3. Synthesis of the Initial Grasp Configuration

In this section, we address the characterization of the object stability for a three-fingered grasp. This implies determining a force closure configuration based on the choice of three contact points from the set of all the points representing the outer 3D surface of the object. The following assumptions are considered in this procedure:

• The use of three fingers for the grasp operation modeled as hemispheres with radius R.
• The first contacts between the fingers and the object are point contacts.
• The outer surface of the object is represented by a set of points $\Omega$, which are described by their position vectors $\overrightarrow{P_i}$ measured with respect to a reference frame located at the center of mass ($\overrightarrow{P_{co}}$) of the object.

In fact, a 3-fingered grasp is more reliable in terms of stability, slip avoidance, and balance of forces when it converges towards an ideal equilateral grasp [17]. Thus, each three-fingered grasp can be characterized by a value which represents its similarity to an equilateral triangle. We suggest an algorithm based on geometric criteria to find this equilateral grasp. This algorithm determines, at first, the set of all possible grasping triangles by scanning the points belonging to the contact surface $\Omega$. Then, using the $Q_1$ criterion presented by Roa [17], our algorithm compares the angle values (alpha, beta, and lambda) of these triangles with $\pi /3$ (i.e., the angle that characterizes an equilateral triangle) in order to choose the configuration closest to an equilateral triangle (see Figure 2):

$$Q_1=\frac{3}{2\pi }\left(\left|\alpha -\frac{\pi }{3}\right|+\left|\beta -\frac{\pi }{3}\right|+\left|\gamma -\frac{\pi }{3}\right|\right).$$

(1)

For a target angle value of $3/2\pi$, the minimum possible value of $Q_1$ is 0 for a perfect equilateral triangle, 2 for the most unfavorable case (the triangle degenerates into a segment), and 1 for an intermediate state.

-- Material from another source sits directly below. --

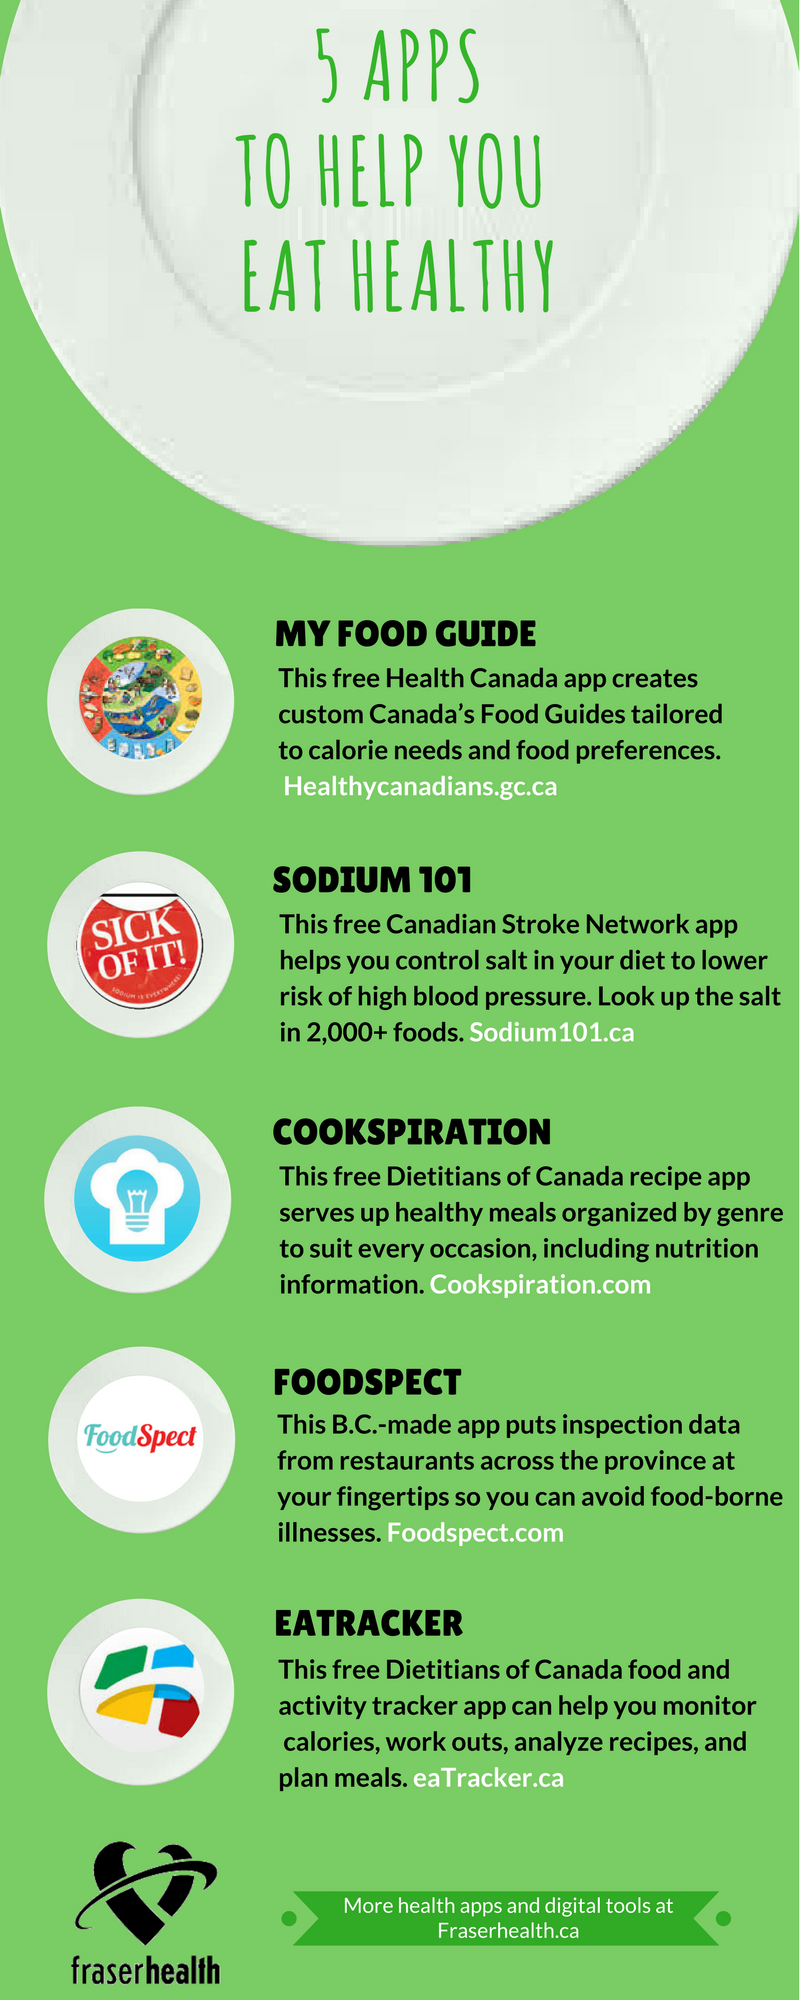 5 Apps to help you eat healthy

For evaluating the angles of the triangle, we use a margin of error defined by the interval [0, 0.3]. Depending on the density of the points of the contact surface $\Omega$, this algorithm can give several grasp configurations. Finally, a second criterion, referred to as $Q_2$, is used in order to choose one between them. It measures the distance between the center of the mass of the object $C_O$ and the center of the grasping triangle $C_T$ (Figure 3), defined as

$$Q_2=\left|C_O-C_T\right|.$$

(2)

This criterion was developed to obtain stable grasps with respect to the torques generated by gravitational and inertial forces [17]. The complete grasp synthesis algorithm based on the these two criteria $Q_1$ and $Q_2$ is represented in the diagram “Algorithm 1”:

Algorithm 1 Synthesis of the 3 contact points for initial grasp configuration

Grasp synthesis algorithm. Input: points $P_i$ on contact surfaces $\Omega$ with their 3D coordinates Calculation of the set $\Gamma$ of grasp triangles defined from points $P_i$. Calculation of the value of the angles of the grasp triangles of the set $\Gamma$. Choice of the grasp triangles closer to an equilateral triangle by applying criterion $Q_1$, the set of these triangles is named $\Psi$. Calculation of the barycenter $C_T$ of the grasp triangles of the set $\Psi$. Calculation of the distance between $C_O$ and the centers $C_T$ of the triangles of the set $\Psi$ by applying criterion $Q_2$. Choosing the triangle that minimizes $Q_2$. Output: 3 initial contact points of the grasp configuration

4. Pregrasp Strategy for the Robotic Hand: Placement of the Fingers

In this section, we present the pregrasp strategy for reaching the three contact points of the initial grasp computed in Section 3 with a three-fingered robotic hand (e.g., the Barrett hand [50] in our experiments). In order to describe the kinematic model of the Barrett hand, we establish the joint frames of Figure 4. The movement of the fingers of the Barrett hand is controlled by defining 4 encoder values $\left[q_{M1}\dots q_{M4}\right]$ that are connected to the joint values ${\phi }_i$ of the fingers (Figure 4) by the following coupling relationships:

$$\left[\begin{array}{c}{\varphi }_{98}\\ {\varphi }_{109}\\ {\varphi }_{1211}\\ {\varphi }_{1312}\\ {\varphi }_{147}\\ {\varphi }_{1514}\\ {\varphi }_{87}\\ {\varphi }_{117}\end{array}\right]=\left[\begin{array}{cccc}1/125& 0& 0& 0\\ 1/375& 0& 0& 0\\ 0& 1/125& 0& 0\\ 0& 1/375& 0& 0\\ 0& 0& 1/125& 0\\ 0& 0& 1/375& 0\\ 0& 0& 0& 2/35\\ 0& 0& 0& -2/35\end{array}\right]*\left[\begin{array}{c}{q}_{M1}\\ q_{M2}\\ q_{M3}\\ q_{M4}\end{array}\right],$$

(3)

where $q_{Mk}=\left[\begin{array}{cc}0& \mathrm{17,500}\end{array}\right]$ for $k=\left[\begin{array}{ccc}1& 2& 3\end{array}\right]$ (i.e., the range of variation of the encoders of the motors for closing/opening the three fingers), and $q_{M4}=\left[\begin{array}{cc}0& 3150\end{array}\right]$ (i.e., the range of variation of the encoder of the motor 4 for separating fingers 1 and 2 around the palm).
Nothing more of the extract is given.